World Economy

OECD: Raise Public Spending, Accept Deficits

The OECD says borrowing money to spend on investment could increase output.The OECD says borrowing money to spend on investment could increase output.

OECD economists have called on member countries to boost public spending to crank up economic growth. They insisted such a policy made sense even if it meant higher government budget deficits in the short term.

Pre-releasing a chapter in its biannual Economic Outlook, the Organization for Economic Cooperation and Development said Thursday governments needed to get over their fixation with debt levels, and ramp up public spending to increase the pace of economic activity, DW reported.

The message offered support to a growing number of governments among the OECD’s 35 member countries which have been looking to fire up growth by fresh borrowing and moderate tax cuts.

After years of low growth in most developed economies, governments could scarcely afford to ignore the opportunity to finance growth-boosting investments at a time of record-low interest rates, the report said.

The OECD added that letting deficits rise to finance investment and ease tax burdens could raise medium-term economic output by more than it increased debt, leading to a medium-term decrease in public debt-to-GDP ratios.

It estimated that increasing budget deficits by half a percent of GDP by borrowing money to spend on investment could increase output by 0.4-0.6% in the first year, on average, across the organization’s member states—which include all the world’s most wealthy countries.

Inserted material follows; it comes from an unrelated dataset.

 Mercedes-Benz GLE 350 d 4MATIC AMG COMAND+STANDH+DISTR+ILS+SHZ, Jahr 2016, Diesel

That, in turn, could ultimately reduce debt ratios without the economic pain associated with reducing total public debt through fiscal austerity, the OECD argued.

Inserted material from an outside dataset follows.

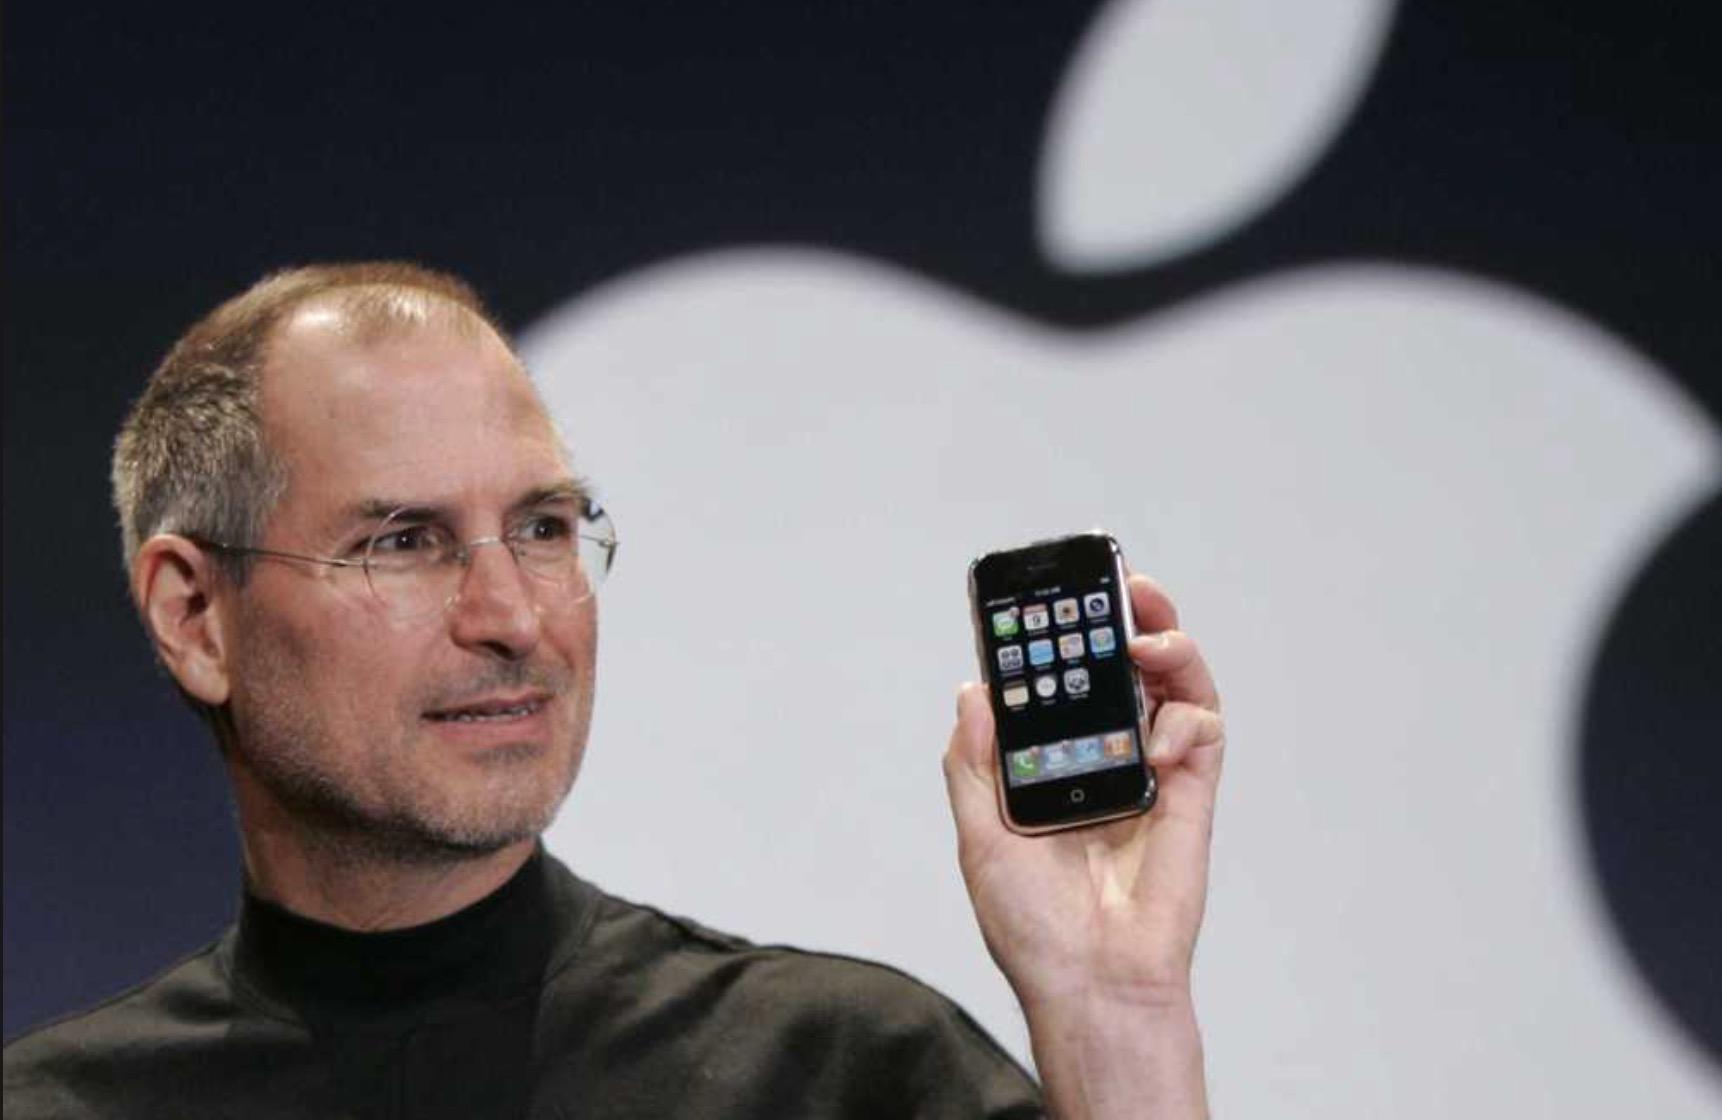 iPhone, il gadget più influente secondo TIME

“What we are saying is that by borrowing at very low interest rates and investing in the right initiatives, you can improve your growth rate,” OECD Chief Economist Catherine Mann told Reuters.

But she added it was crucial that extra spending must be invested in productivity-boosting areas like infrastructure construction, education and research, while any tax reductions should carefully target specific taxes that are holding back growth.

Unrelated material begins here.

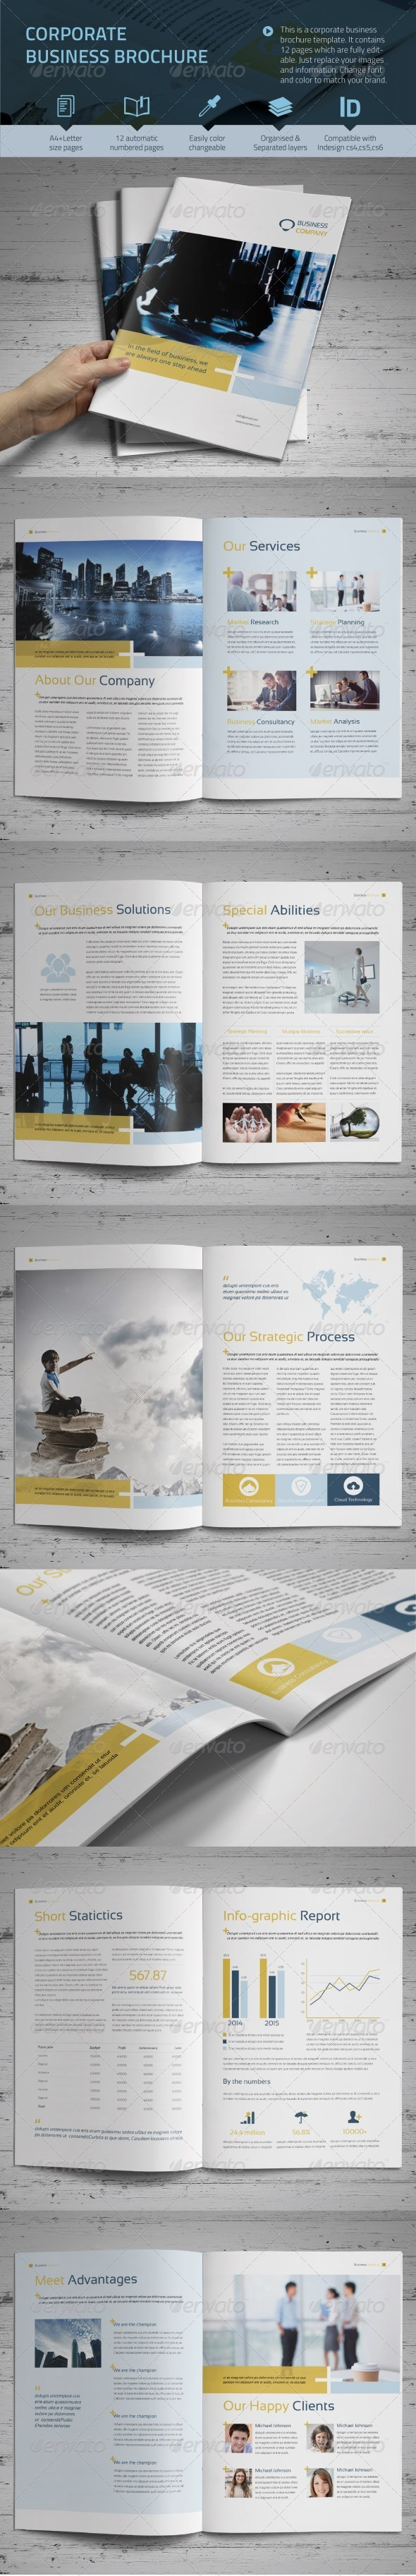 GraphicRiver Corporate Business Brochure vol.2 8686986

A recent report from the OECD shows Germany goes further while spending less. More and more students in Germany are attending university, the group added.

The German education system is a thing to be envied said the report. According to this year’s “Education at a Glance,” Germany has some of the highest rates of school enrollment and youth employment in the world.

Although its network of apprenticeships and on-the-job learning has long been lauded as a key to Germany’s low unemployment rate, the report found that fewer and fewer young Germans are opting to participate. Between 2008 and 2013, the number of university students jumped 28%, more than twice the OECD average.